(Activity) Only one stretch of the material below is wanted: everything from the line containing "ao dai Misa" down to the line containing "El Nexus 5 y sus fundas a debate", both ends included. Repeat it exactly and skip the pictures.

::: Task data :::

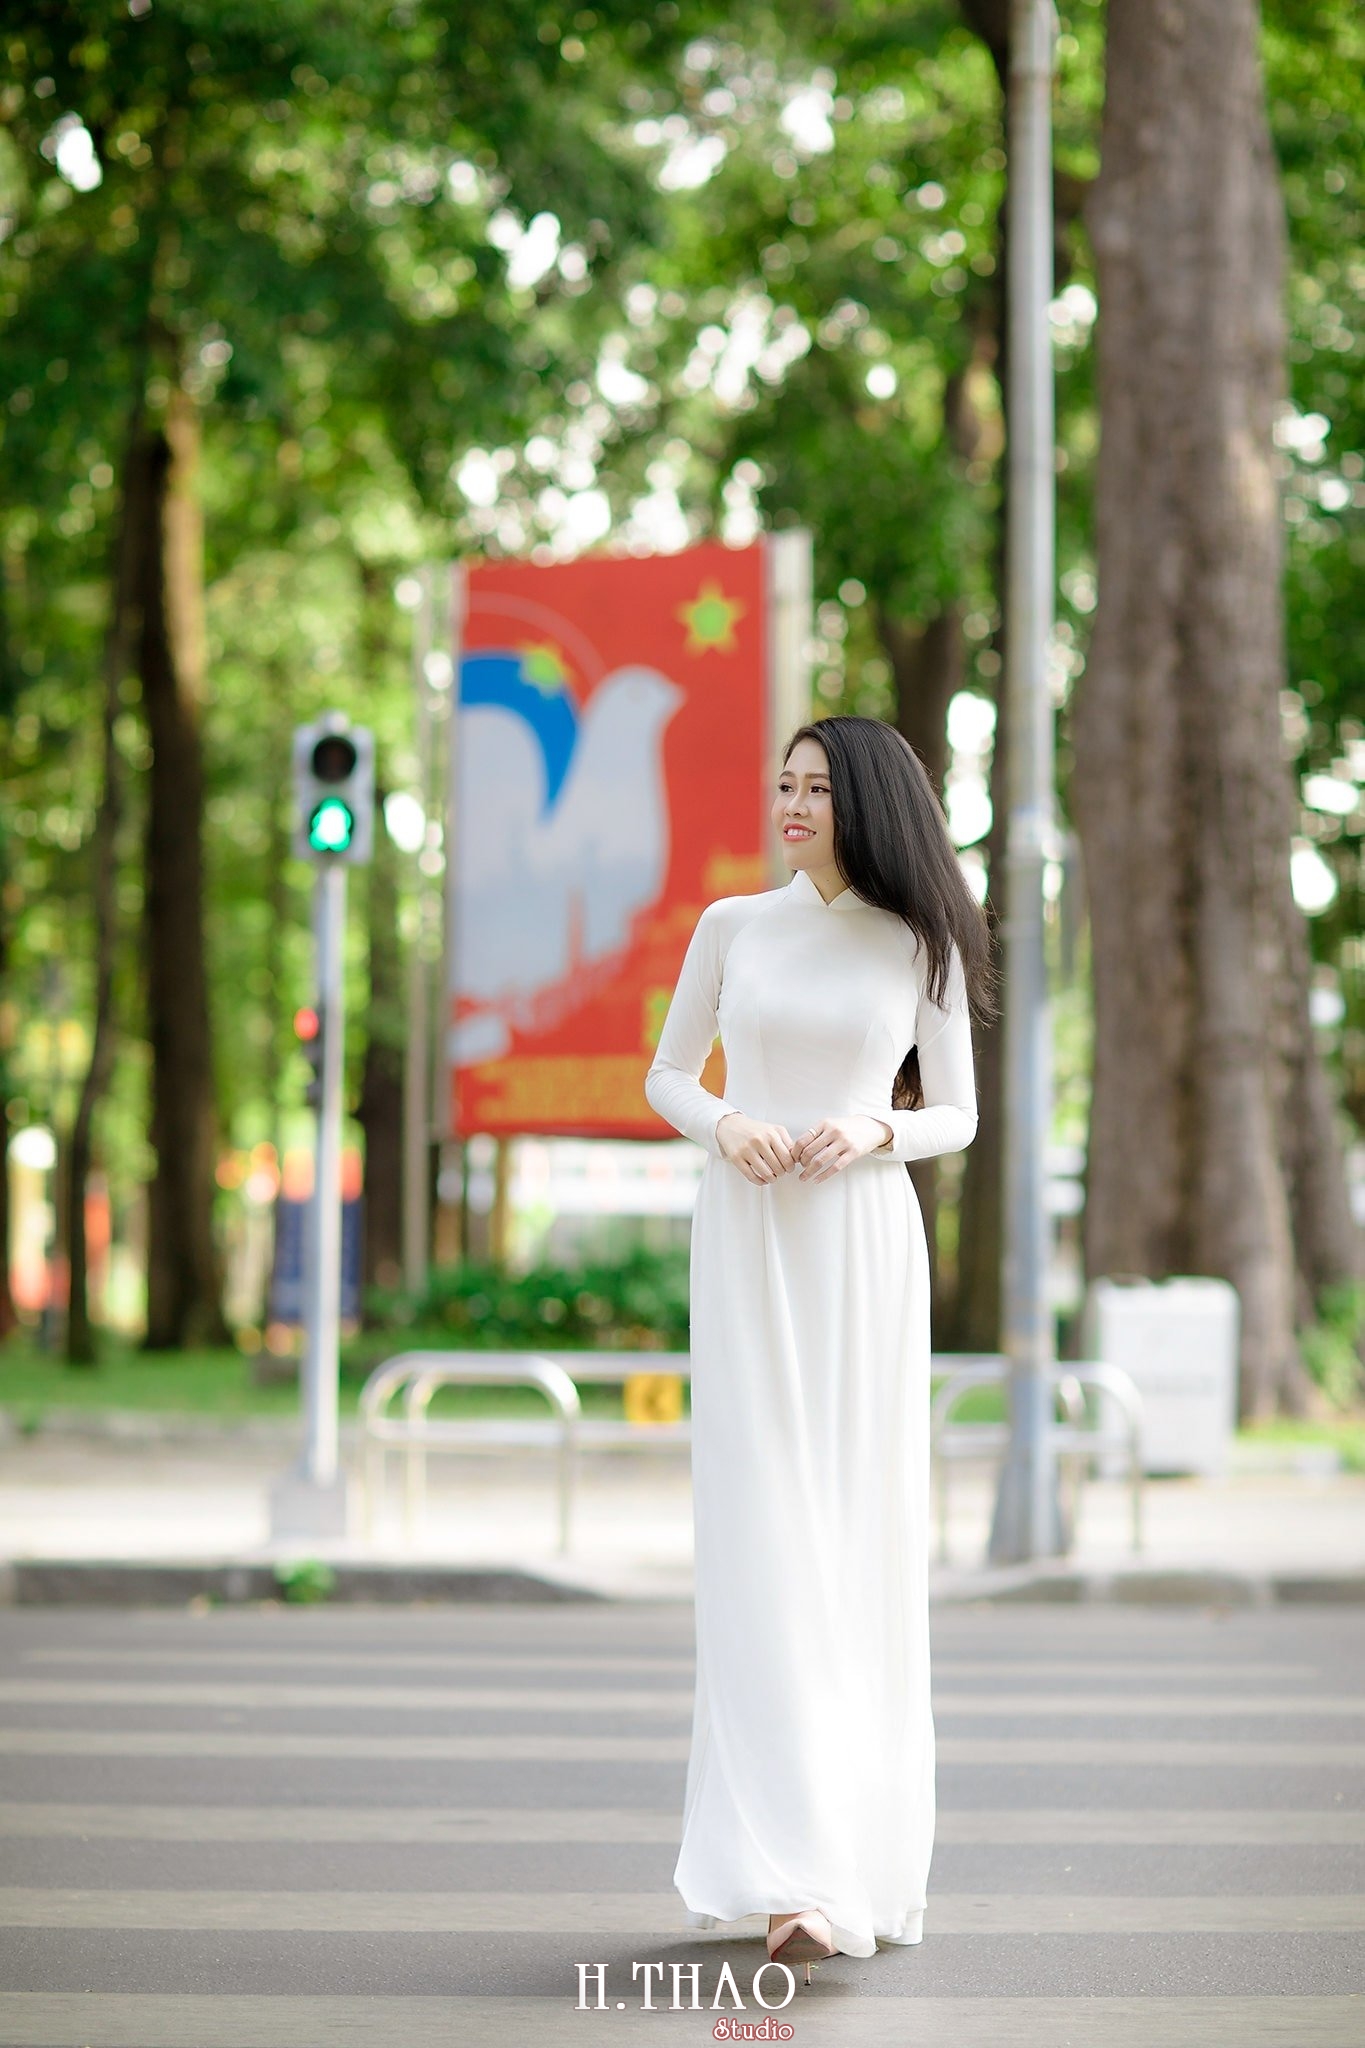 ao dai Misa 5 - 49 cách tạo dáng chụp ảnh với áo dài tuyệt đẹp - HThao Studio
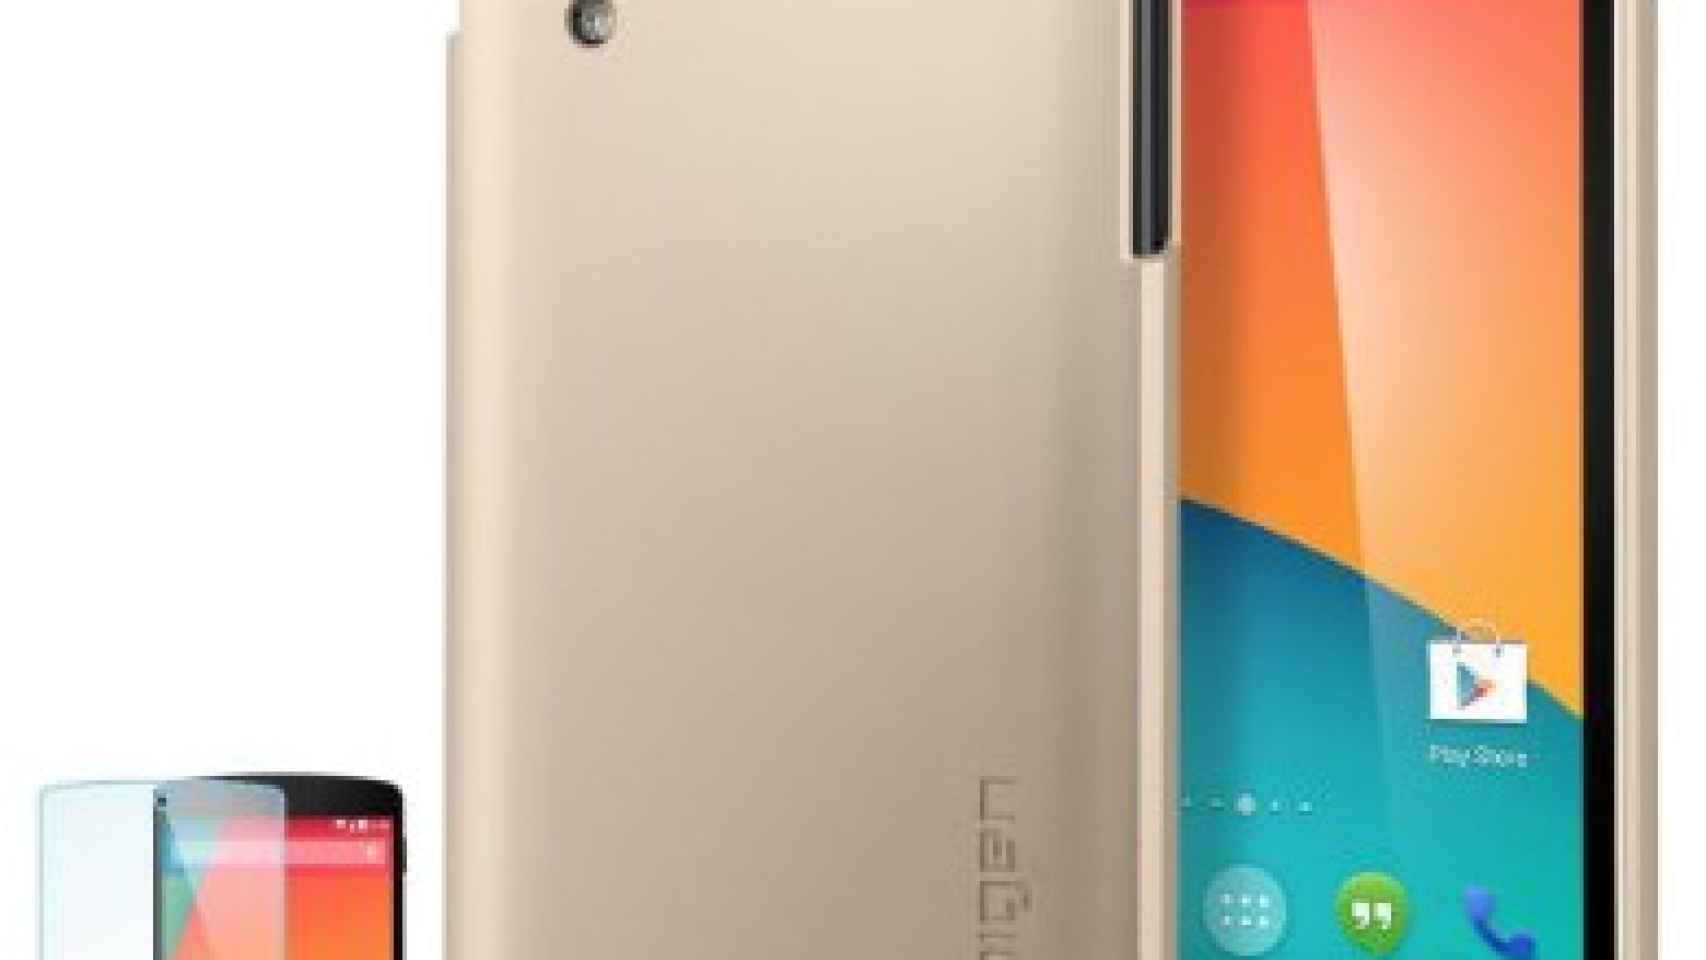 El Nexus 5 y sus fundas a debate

:::
::: Task data :::

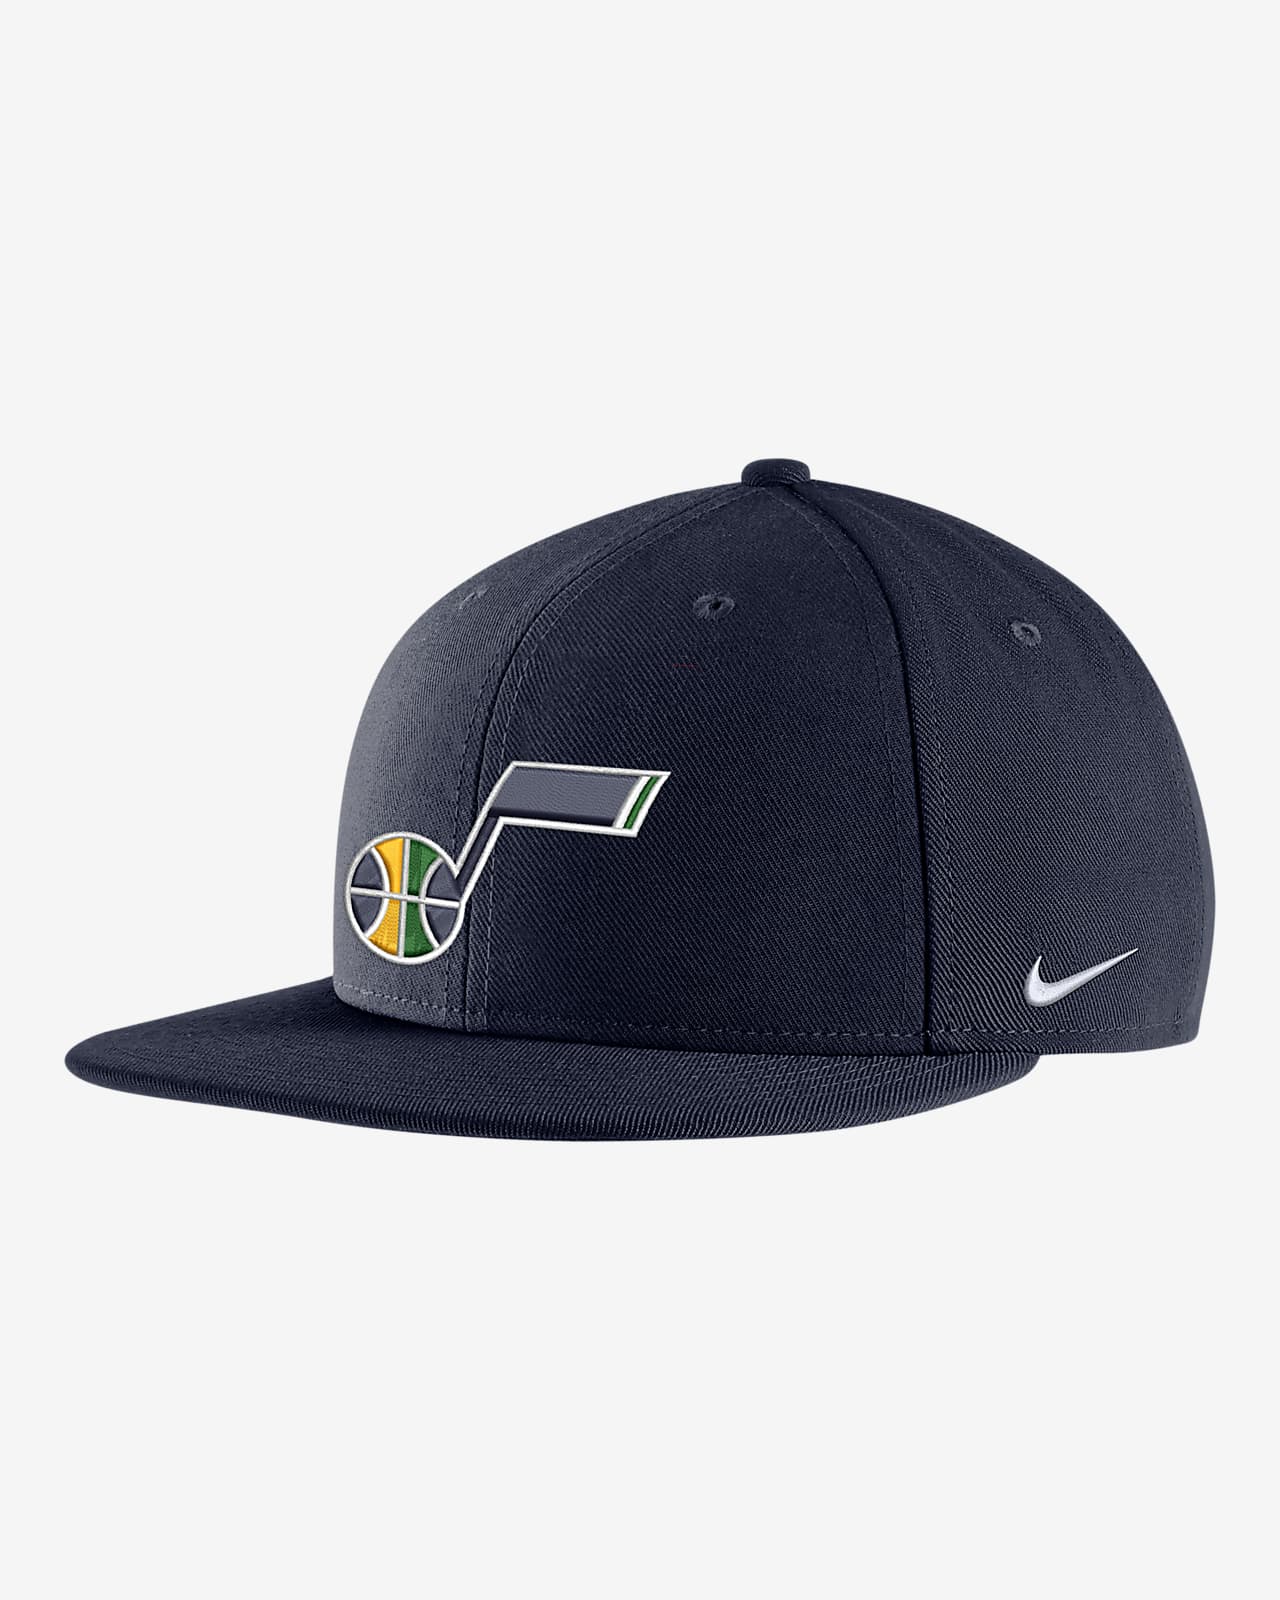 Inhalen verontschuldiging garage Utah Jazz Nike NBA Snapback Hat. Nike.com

:::
::: Task data :::

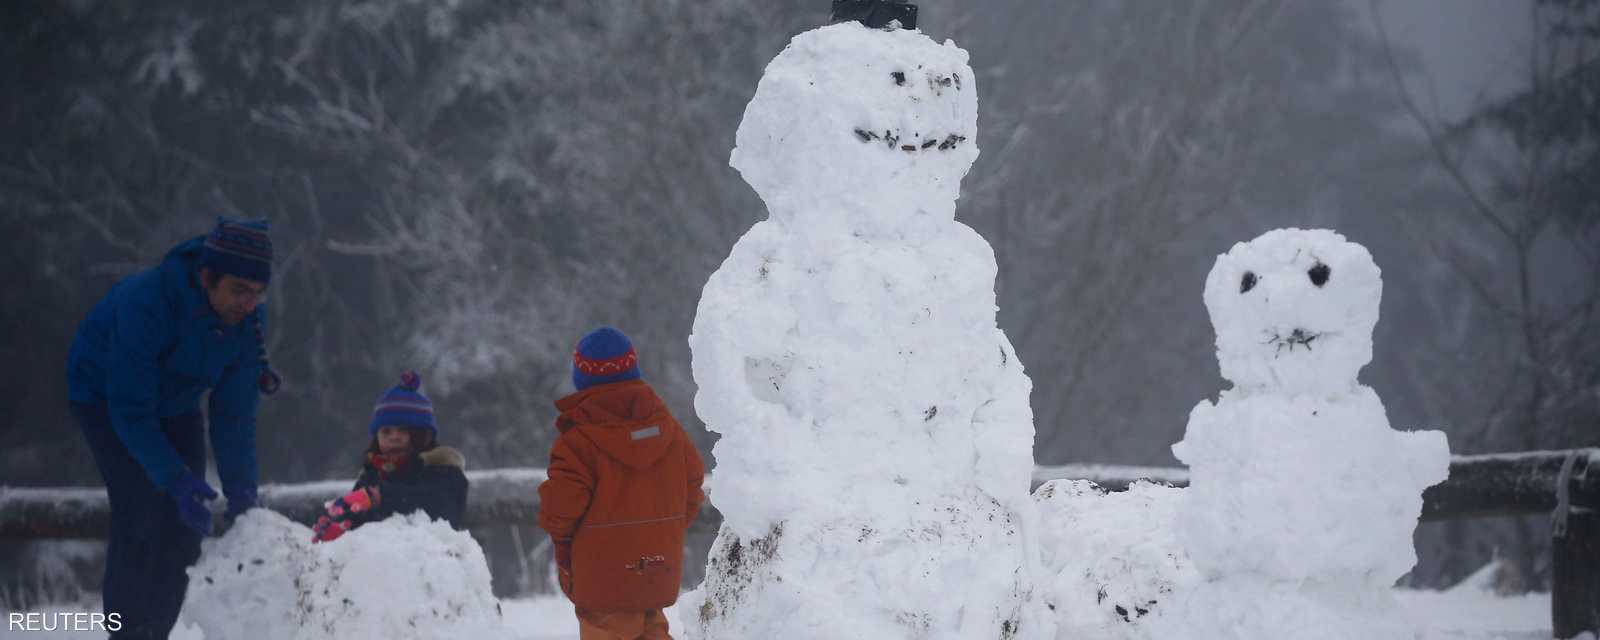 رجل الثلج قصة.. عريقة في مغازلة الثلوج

:::

(Completed exercise)
 ao dai Misa 5 - 49 cách tạo dáng chụp ảnh với áo dài tuyệt đẹp - HThao Studio
 El Nexus 5 y sus fundas a debate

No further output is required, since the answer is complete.